ENTRIES PROVIDED -

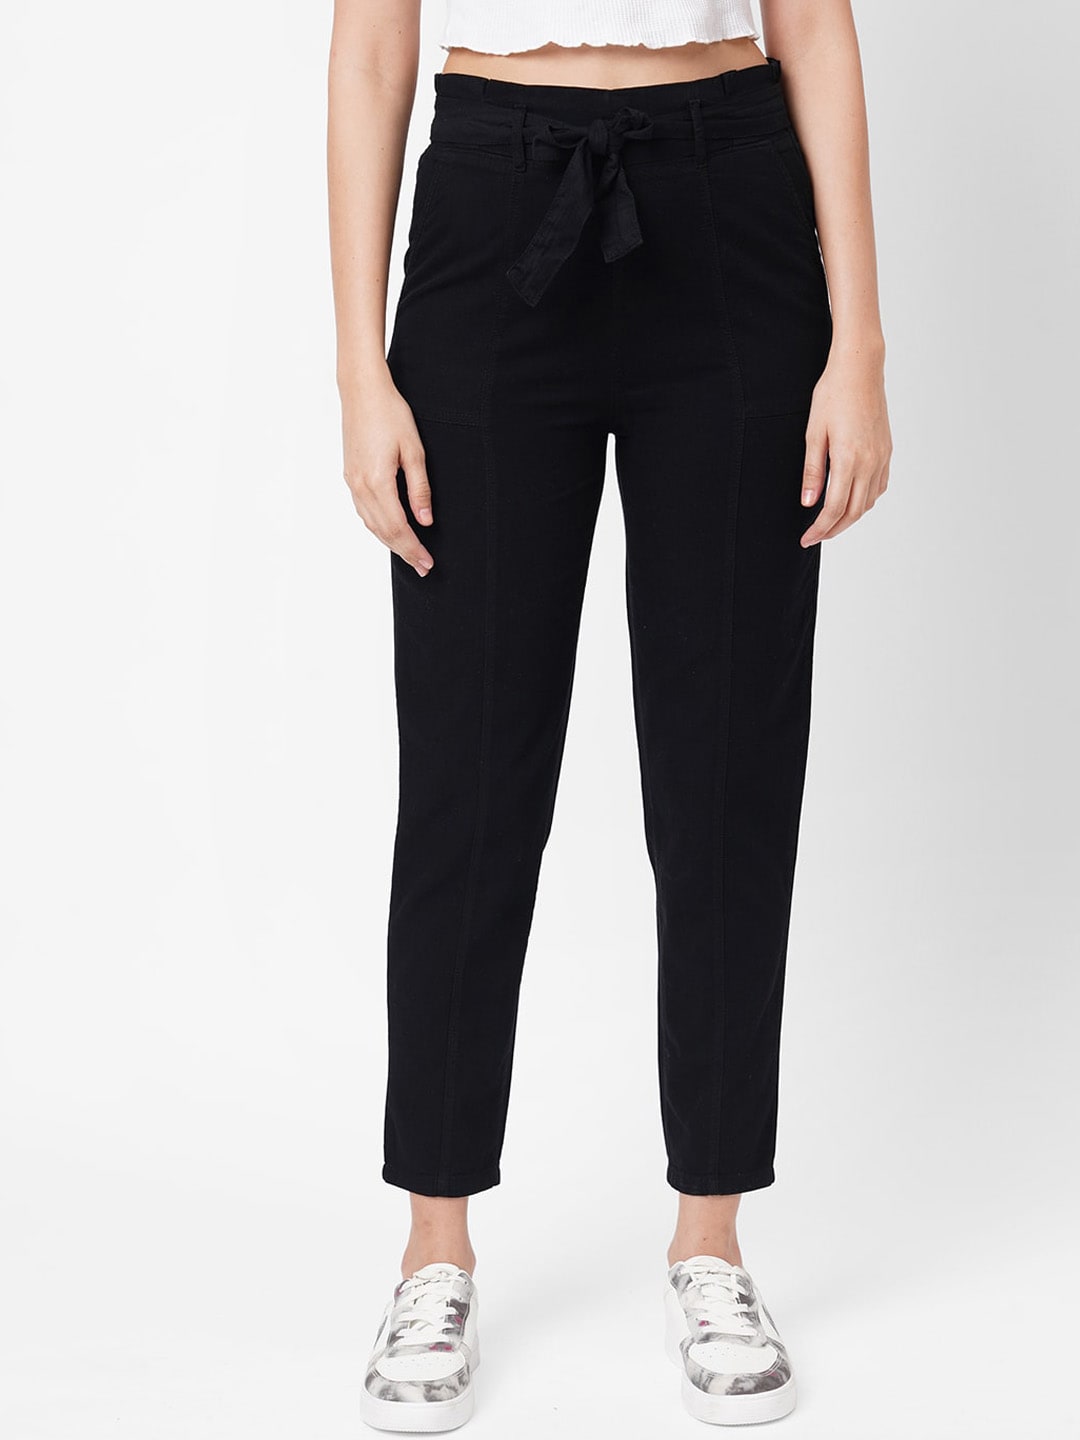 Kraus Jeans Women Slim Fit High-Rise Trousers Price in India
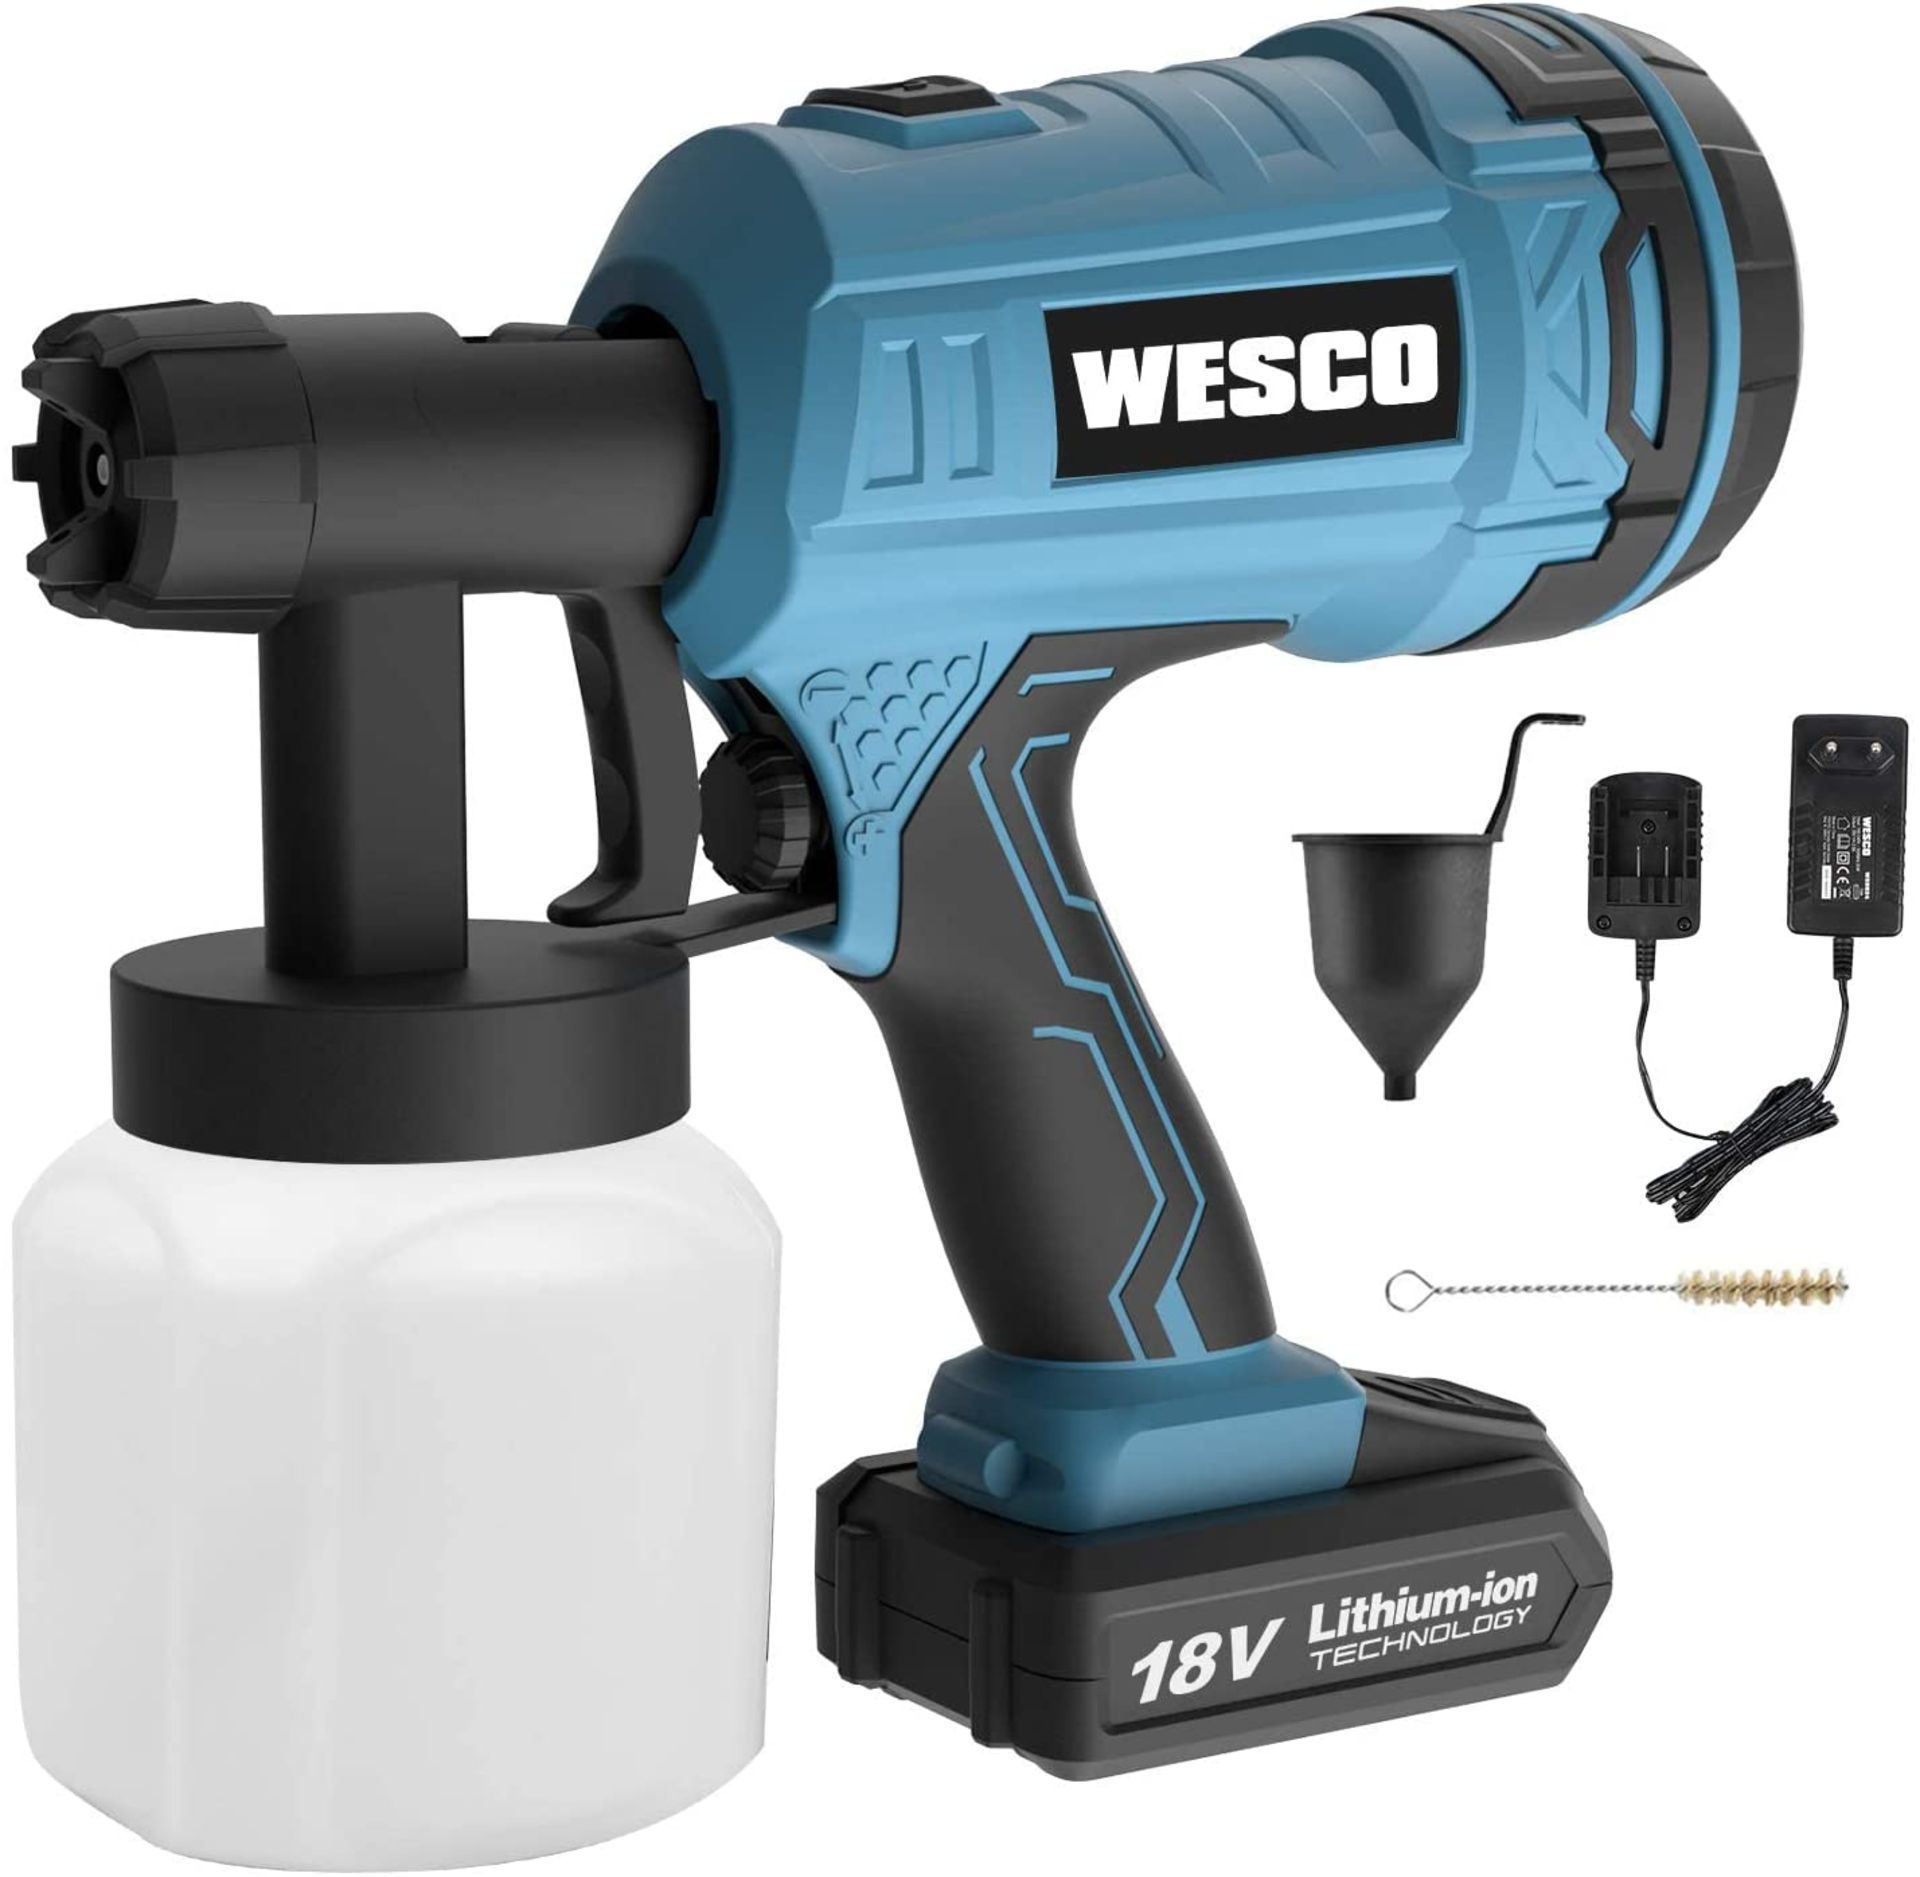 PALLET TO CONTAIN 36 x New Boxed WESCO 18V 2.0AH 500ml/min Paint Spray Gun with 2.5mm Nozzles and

---

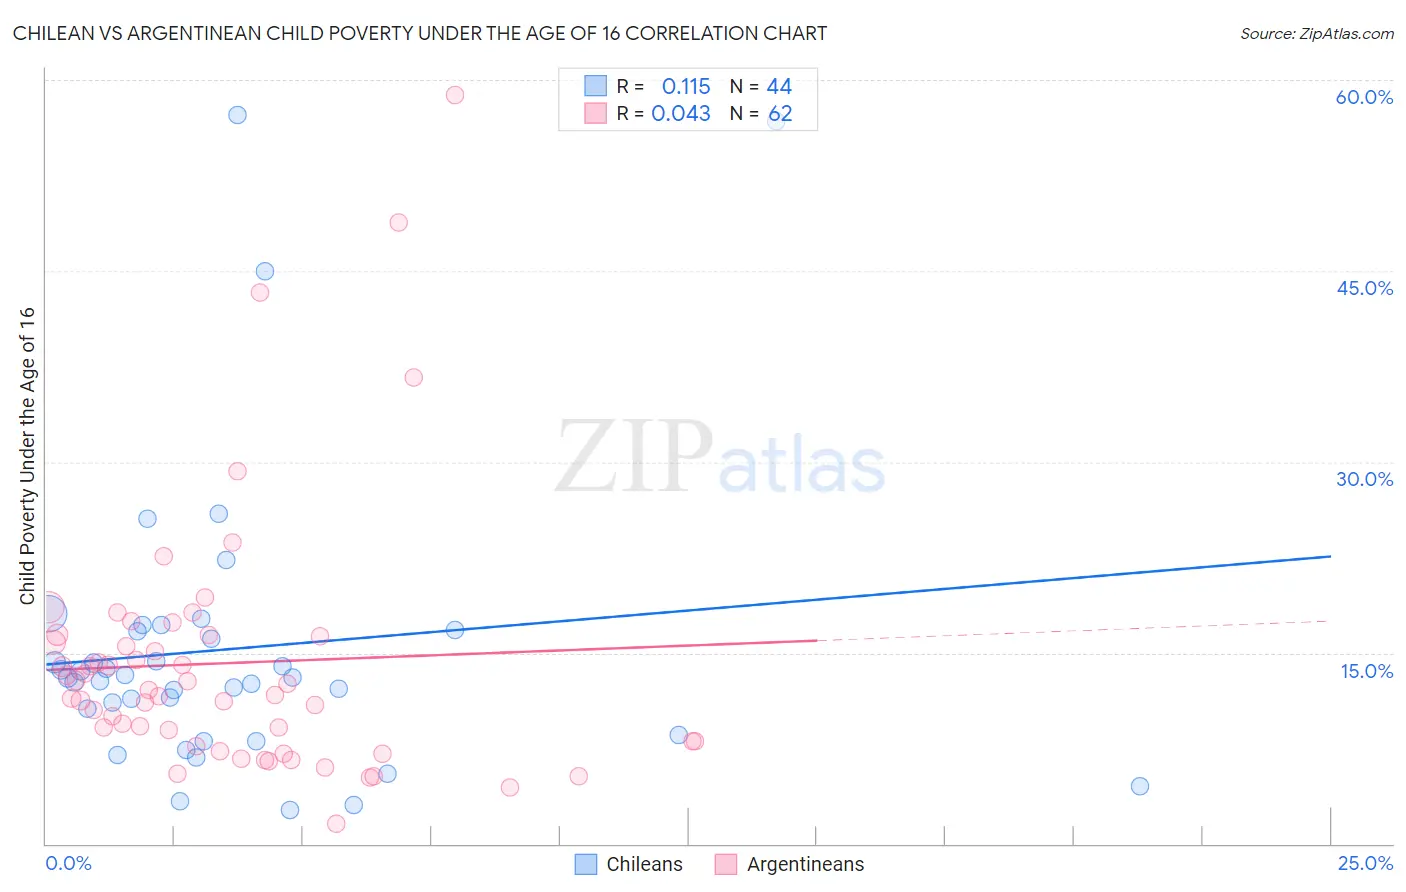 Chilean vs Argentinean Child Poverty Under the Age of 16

TASK GOAL - Copy exactly the part of the material above that opens with the line containing "Kraus Jeans Women" and closes with the line containing "PALLET TO CONTAIN", ends included. Drop the images.

SOLUTION FOR THIS EXERCISE -
 Kraus Jeans Women Slim Fit High-Rise Trousers Price in India
 PALLET TO CONTAIN 36 x New Boxed WESCO 18V 2.0AH 500ml/min Paint Spray Gun with 2.5mm Nozzles and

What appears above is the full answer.